Dieses noch offensichtlich aristokratisch geprägte System der Repräsentation aber geriet durch die zunehmende Ausweitung des aktiven und passiven Wahlrechts und andere Demokratisierungsprozesse unter Druck. Besonders deutlich wird diese Dekonstruktion der repräsentativen Demokratie aktuell an der Demokratisierung eines ihrer wichtigsten Elemente, der Parteien. An den Beispielen Corbyn, Trump und Macron zeigt Manow, wie der Kontrollverlust der Parteien über die Auswahl ihres Personals die Funktionsweisen des parlamentarischen Systems ins Wanken bringt.

Doch dieser zwiespältige Siegeszug der „Demokratie“ – Skeptiker würden sagen: des „Populismus“ (ob links, rechts oder Mitte) – führt auch dazu, dass die „Demokratie“ nun in Ermangelung eines explizit antidemokratischen Außen offiziell keine Gegner mehr hat – außer sich selbst. Dadurch werde aber zugleich der Streit innerhalb der Demokratie zu einem Streit über die Demokratie – und die einst demokratischen Gegner (wieder) zu Feinden, die nicht anders können, als sich ständig gegenseitig vorzuwerfen, in Wahrheit Feinde der Demokratie zu sein.

Manow beleuchtet hier auch einen blinden Fleck

Diese im Zuge ihrer Demokratisierung zugleich entstehende Entdemokratisierung der Demokratie besteht also nicht zuletzt in einer „Demokratiegefährdung durch Demokratiegefährdungsdiskurse“. „Aber müssten wir nicht gerade mit den Gegnern der Demokratie so reden, als wären sie keine?“

Stattdessen sei es diese Verwandlung eines ursprünglich äußeren Gegners in einen inneren, die von innen dem Zerfall der Staatlichkeit entspricht, der nach außen in Form einer zunehmenden Supra-, also Entnationalisierung betrieben werde. Doch bei allem wahrlich brillanten Gedankenfeuer ist Manows Argumentation an dieser Stelle etwas zu apodiktisch geraten.

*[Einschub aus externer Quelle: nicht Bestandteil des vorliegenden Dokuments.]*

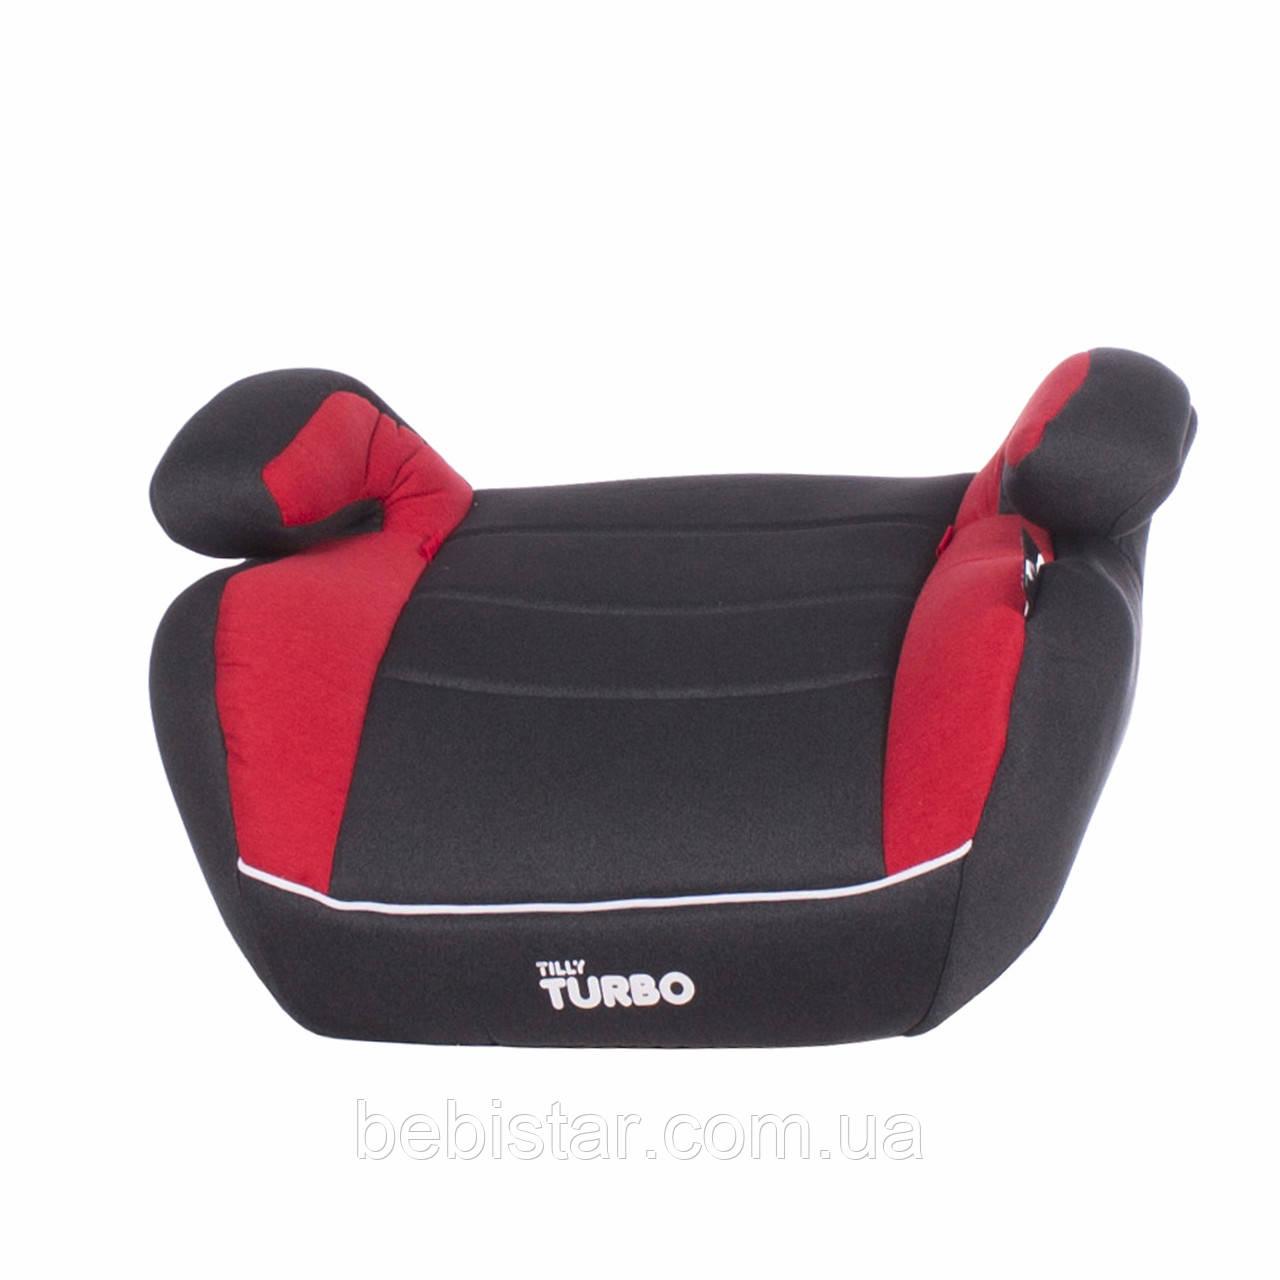 Автокресло-бустер темно-серое с красными вставками TILLY Turbo

Es ist ja unbestritten, dass etwa die Europäische Union in ihrer jetzigen Form „nicht nur ein Demokratiedefizit [hat], sondern generiert“. Auch mag es sein, dass für den Moment die wankenden Nationalstaaten den wirksamsten Schutz gegen ein global agierendes Kapital bieten könnten – Manow bringt die heuchlerische Haltung einer „liberalen Mitte“, die die Demokratie genau so lange hochhält, wie ihr nicht eine andere Regierungsform „ungefähr dasselbe“ anbietet, in aller Schärfe auf den Punkt. Dass aber die letztlich ebenso wenig wie das „Volk“ oder die „Nation“ essentialistisch zu bestimmende Fiktion der „Staatsbürgerschaft“ nur noch auf der Ebene der tradierten Nationalstaaten überhaupt funktionieren kann, wie Manow behauptet, und nicht etwa auf der einer – freilich erst noch demokratisch zu schaffenden – europäischen Republik oder gar eines „Weltstaates“, für den dann eben die extraterrestrische Welt die „konstitutive Außenseite“ abgeben müsste, – darüber hätte man dann doch gerne noch etwas ausführlichere Begründungen als pointierte Thesen gehört.